Are you sure it supports Unicode, not UTF8 or UTF16? Probably using
something like u"thestring".encode("utf16") will help.

Regards,


Björn

--
BOFH excuse #31:

cellular telephone interference

 
Reply With Quote
 
 
 
 
Benjamin
Guest
Posts: n/a
 
      01-15-2008
On Jan 14, 6:26 pm, Bjoern Schliessmann <usenet-
(E-Mail Removed)> wrote:
> John Nagle wrote:
> > It turns out that the strings in the "env" parameter have to be
> > ASCII, not Unicode, even though Windows fully supports Unicode in
> > CreateProcess.

>
> Are you sure it supports Unicode, not UTF8 or UTF16? Probably using
> something like u"thestring".encode("utf16") will help.

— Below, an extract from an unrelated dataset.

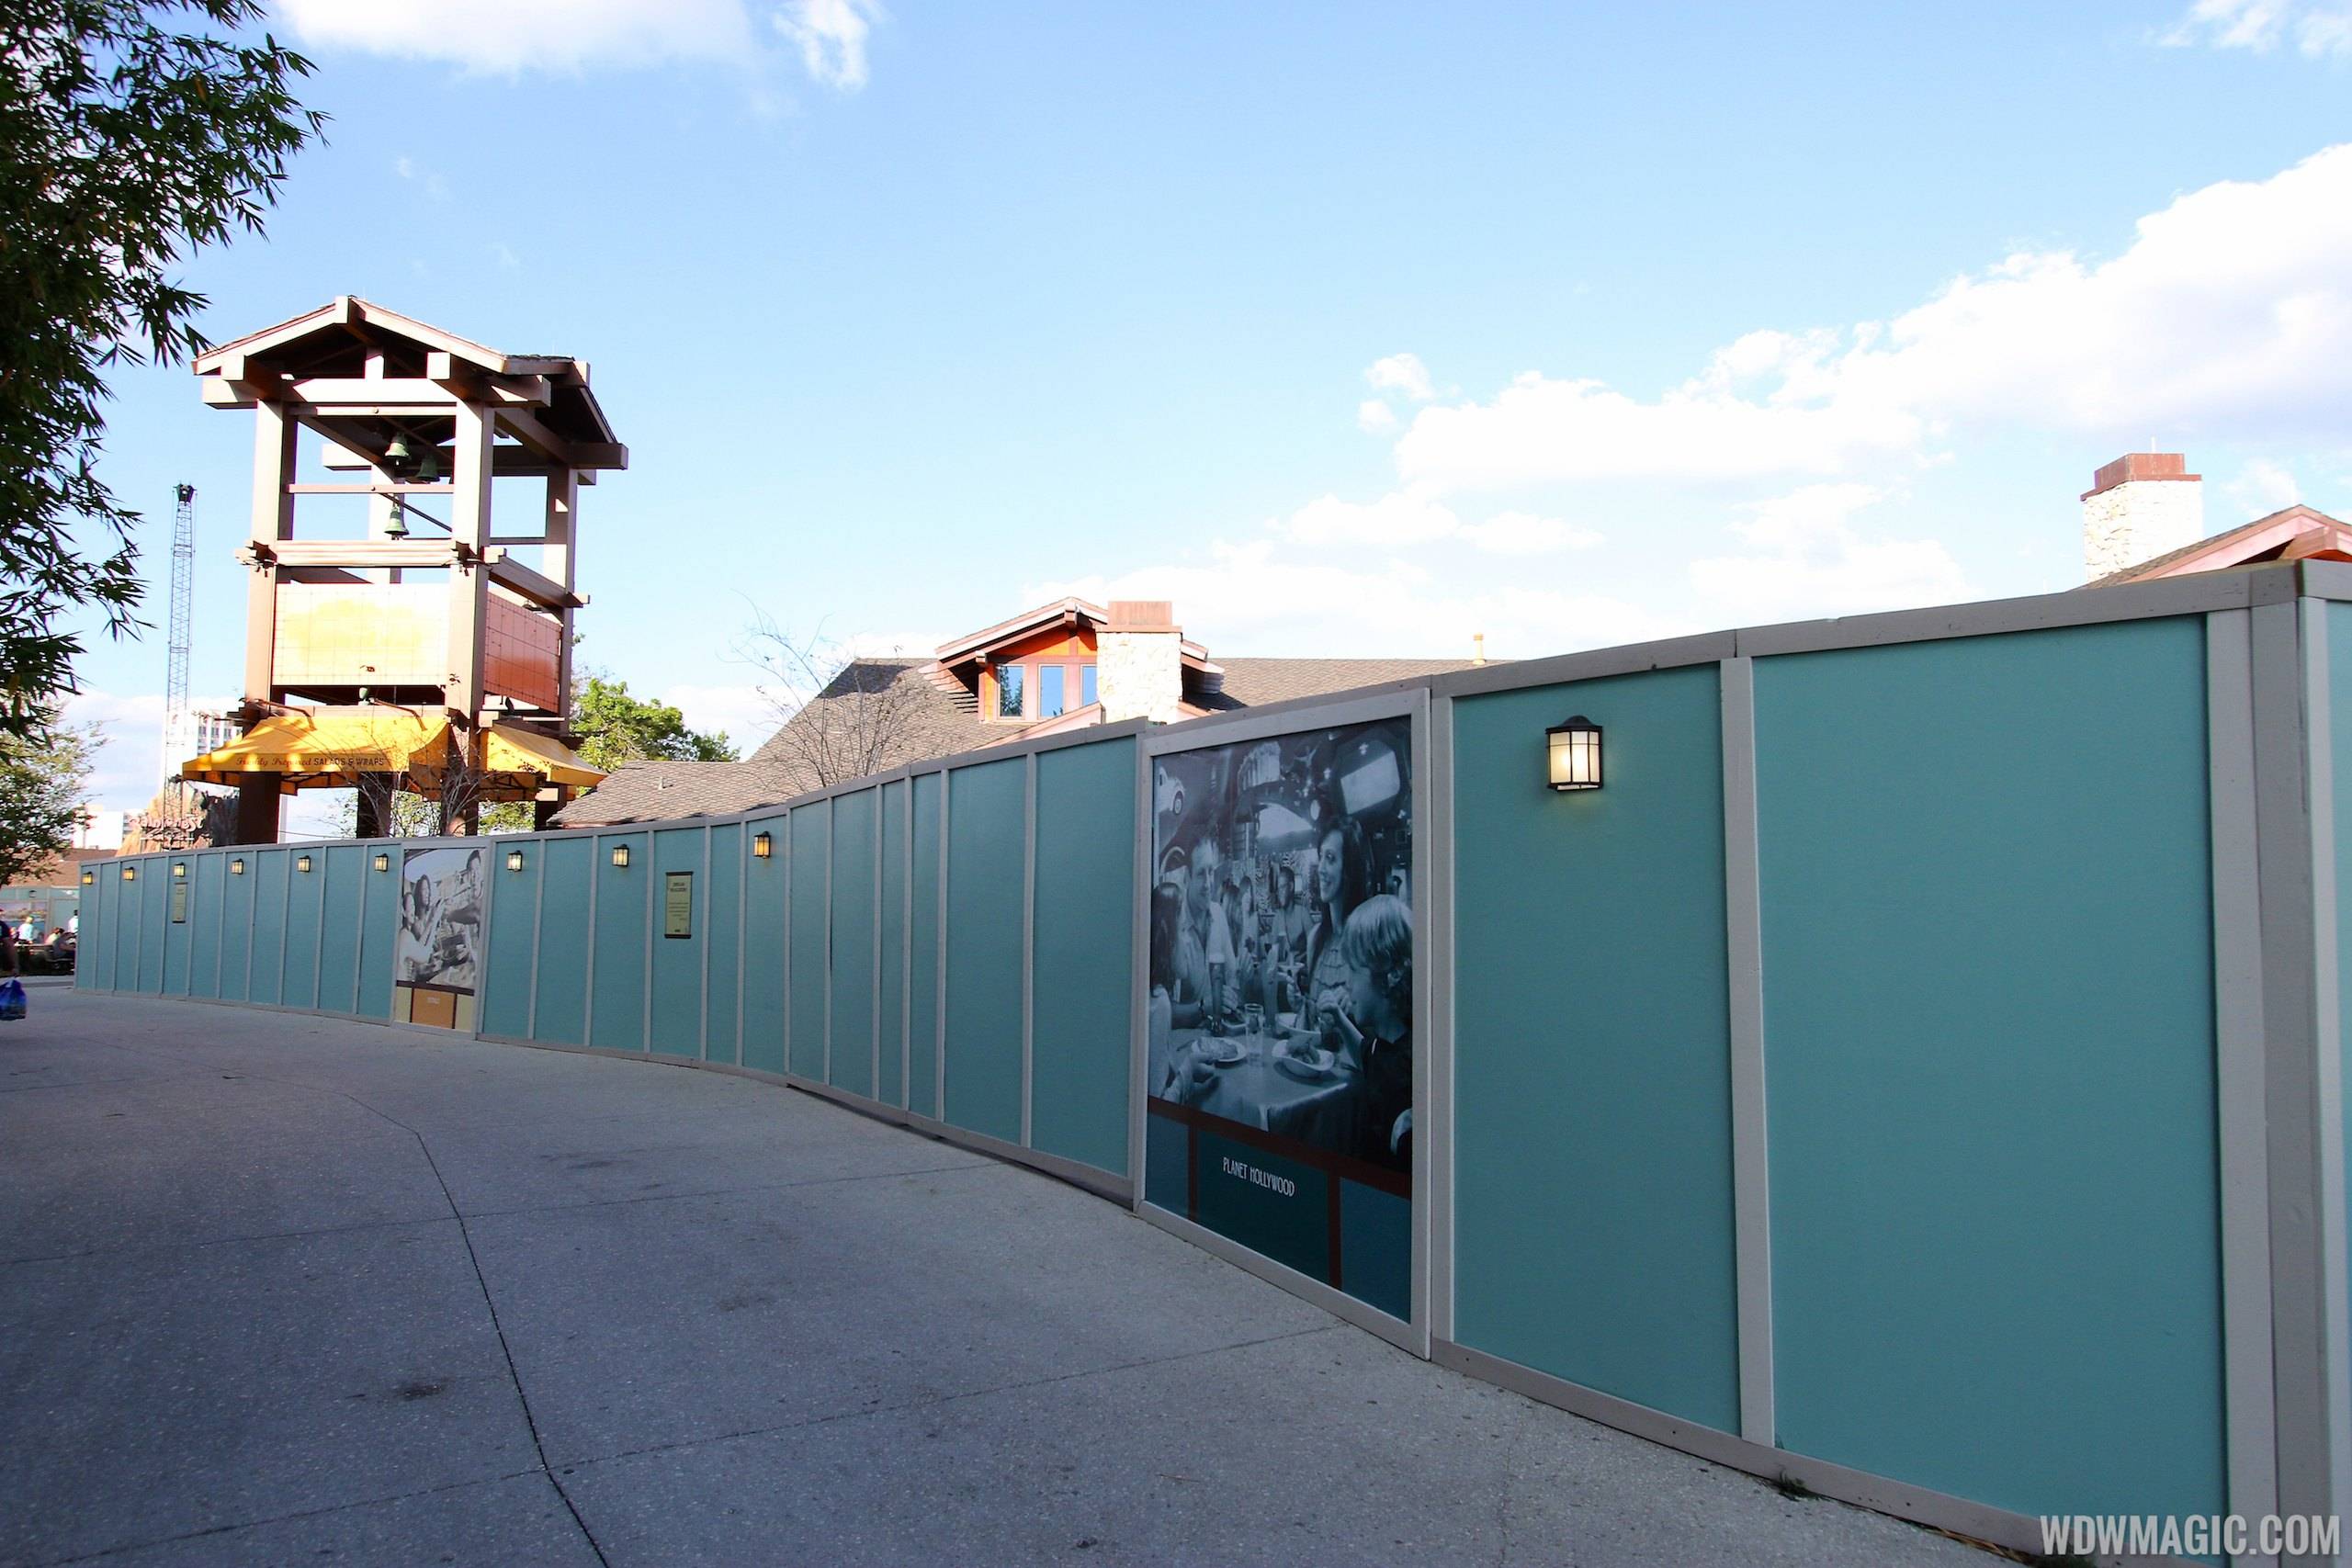 Construction walls up around Pollo Campero and parts of parking lot E, F, G

Otherwise: bugs.python.org
>
> Regards,
>
> Björn
>
> --
> BOFH excuse #31:
>
> cellular telephone interference


 
Reply With Quote
 
Benjamin
Guest
Posts: n/a
 
      01-15-2008
On Jan 14, 6:26 pm, John Nagle <(E-Mail Removed)> wrote:
> I passed a dict for the "env" variable to Popen with Unicode strings
> for the dictionary values.
>
> Got:
>
> File "D:\Python24\lib\subprocess.py", line 706, in _execute_child
> TypeError: environment can only contain strings
>
> It turns out that the strings in the "env" parameter have to be ASCII,
> not Unicode, even though Windows fully supports Unicode in CreateProcess.


>
> John Nagle


 
Reply With Quote
 
John Nagle
Guest
Posts: n/a
 
      01-15-2008
Benjamin wrote:
> On Jan 14, 6:26 pm, Bjoern Schliessmann <usenet-
> (E-Mail Removed)> wrote:
>> John Nagle wrote:
>>> It turns out that the strings in the "env" parameter have to be
>>> ASCII, not Unicode, even though Windows fully supports Unicode in
>>> CreateProcess.

>> Are you sure it supports Unicode, not UTF8 or UTF16? Probably using
>> something like u"thestring".encode("utf16") will help.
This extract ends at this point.